In a previous post I described how the JTS Topology Suite operation IsSimpleOp has been completely rewritten to reduce code dependencies, improve performance, and provide a simpler, more understandable implementation. The post points out that the IsValidOp implementation would benefit from the same treatment. This work has now been carried out, with similar benefits achieved.
The original IsValidOp code used the GeometryGraph framework to represent the topology of geometries. This code reuse reduced development effort, but it carried some serious drawbacks:
- The GeometryGraph structure was used for many JTS operations, including overlay, buffer, and spatial predicate evaluation. This made the code complex, hard to understand, and difficult to maintain and enhance
- The GeometryGraph structure computes the full topology graph of the input geometry, in order to support constructive operations such as overlay and buffer. This makes it slower and more subject to robustness problems. Non-constructive operations such as IsValidOp and IsSimpleOp can compute topology "on-the-fly", which allows short-circuiting processing as soon as an invalidity is found.
- Coordinates must contain valid numbers
- LineStrings must not be zero-length
- LinearRings must be simple (have no self-intersections)
- Rings must be simple (have no self-intersections)
- Rings must not cross, and can touch only at discrete points
- Holes must lie inside their shell
- Holes must not lie inside another hole of their polygon
- The interiors of polygons must be connected
- In a MultiPolygon, the element interiors must not intersect (so polygons cannot overlap)
- In a MultiPolygon, the element boundaries may intersect only at a finite number of points
Validity Algorithm for Polygonal Geometry
- It supports short-circuiting when an invalid situation is found, to improve performance
- Spatial indexing is used in more places
- The code is simpler and more modular. This makes it easier to understand, and easier to adapt to new requirements (e.g. such as the ability to validate self-touching rings described below)
1. Check Ring Intersections
The first check determines if the rings in the geometry have any invalid intersections. This includes the cases of a ring crossing itself or another ring, a ring intersecting itself or another ring in a line segment (a collinear intersection), and a ring self-touching (which is invalid in the OGC polygon model). This check can use the robust and performant machinery in the JTS noding package. If an invalid intersection is found, the algorithm can return that result immediately.

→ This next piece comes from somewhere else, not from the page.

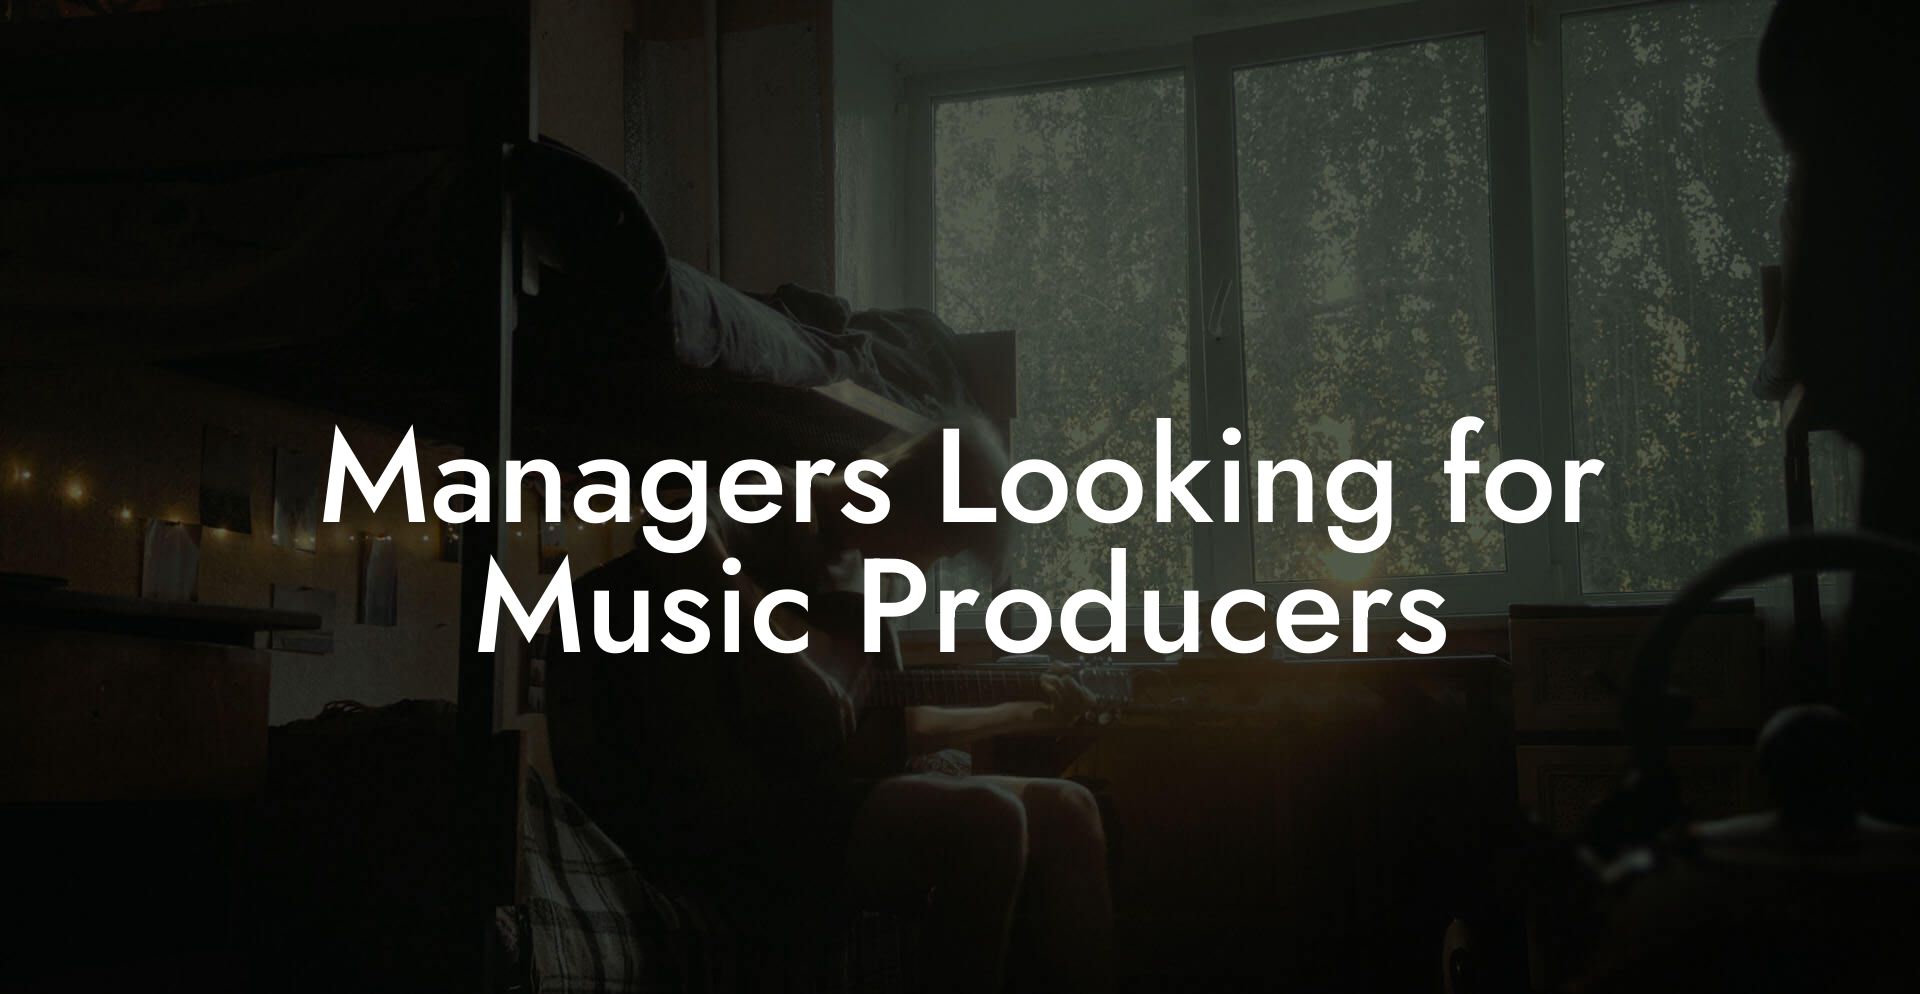 Managers Looking for Music Producers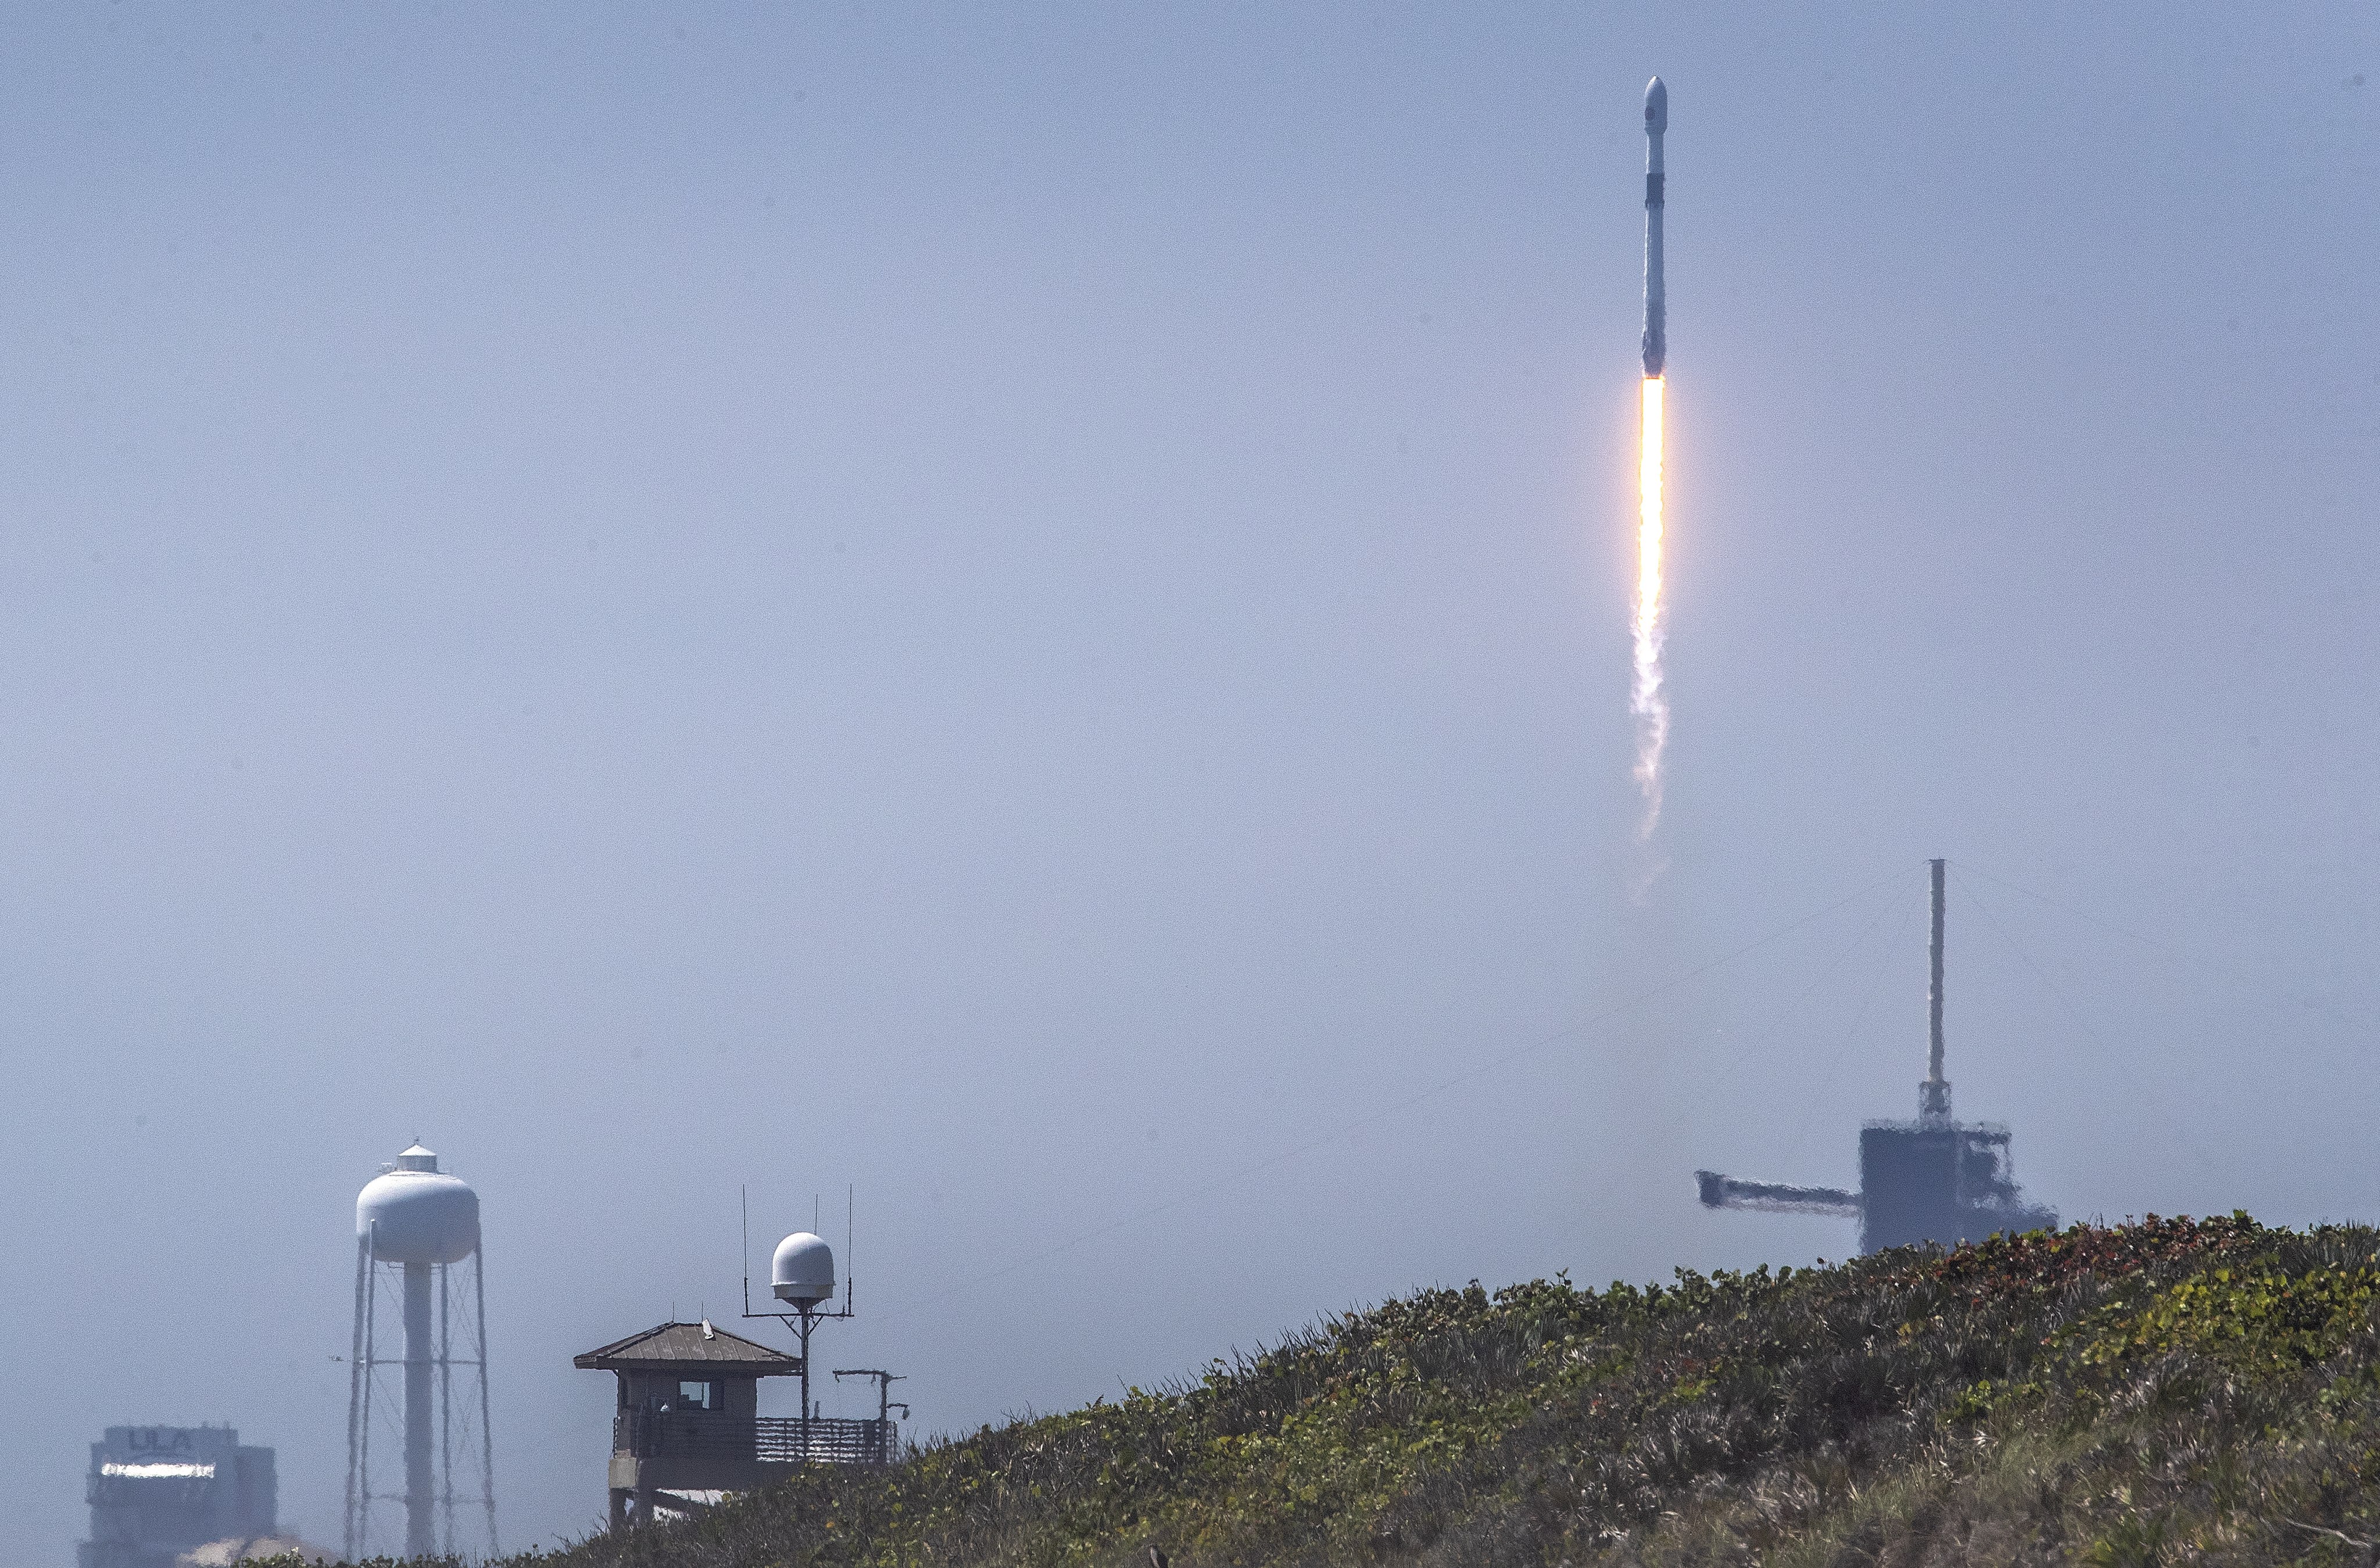 The European Space Agency’s Euclid Telescope mission lifts off on a SpaceX Falcon 9 rocket from the Kennedy Space Centre in Florida, US on Saturday. Photo: EPA-EFE

This check is an essential precursor to all the remaining checks. If a geometry has no invalid intersections this confirms that its rings do not self-cross or partially overlap. This means that the results of orientation and point-in-polygon computations are reliable. It also indicates that the rings are properly nested (although it remains to be determined if the nesting of shells and holes is valid).
Intersection search is the most computationally expensive phase of the algorithm. Because of this, information about the locations where rings touch is saved for use in the final phase of checking connected interiors.
2. Check Shell and Hole nesting
- A hole must lie inside its shell
- A hole may not lie inside another hole.
- In MultiPolygons, a shell may not lie inside another shell, unless the inner shell lies in a hole of the outer one.
3. Check Connected Interior
The final check is that the interior of each polygon is connected. In a polygon with no self-touching rings, there are two ways that interior disconnection can happen:
- a chain of one or more touching holes touches the shell at both ends, thus splitting the polygon in two
- a chain of of two or more touching holes forms a loop, thus enclosing a portion of the polygon interior
Validity with Self-touching Rings
As expected, the new codebase provides better performance, due to simpler code and the ability to short-circuit when an invalidity is found. Here's some performance comparisons for various datasets:
|Data||Size||New (ms)||Old (ms)||Improvement|
|world||244 Polygons, 366K vertices||340||1250||3.7 x|
|invalid-polys||640 Polygons, 455K vertices||126||334||2.6 x|
|valid-polys||640 Polygons, 455K vertices||244||487||2 x|
|australia||1 MultiPolygon, 1,222K vertices||1321||69026||52 x|
- world is the standard dataset of world country outlines
- invalid-polys is a dataset of all invalid polygons. valid-polys is the same dataset processed by GeometryFixer. The timings show the effect of short-circuiting invalidity to improve performance.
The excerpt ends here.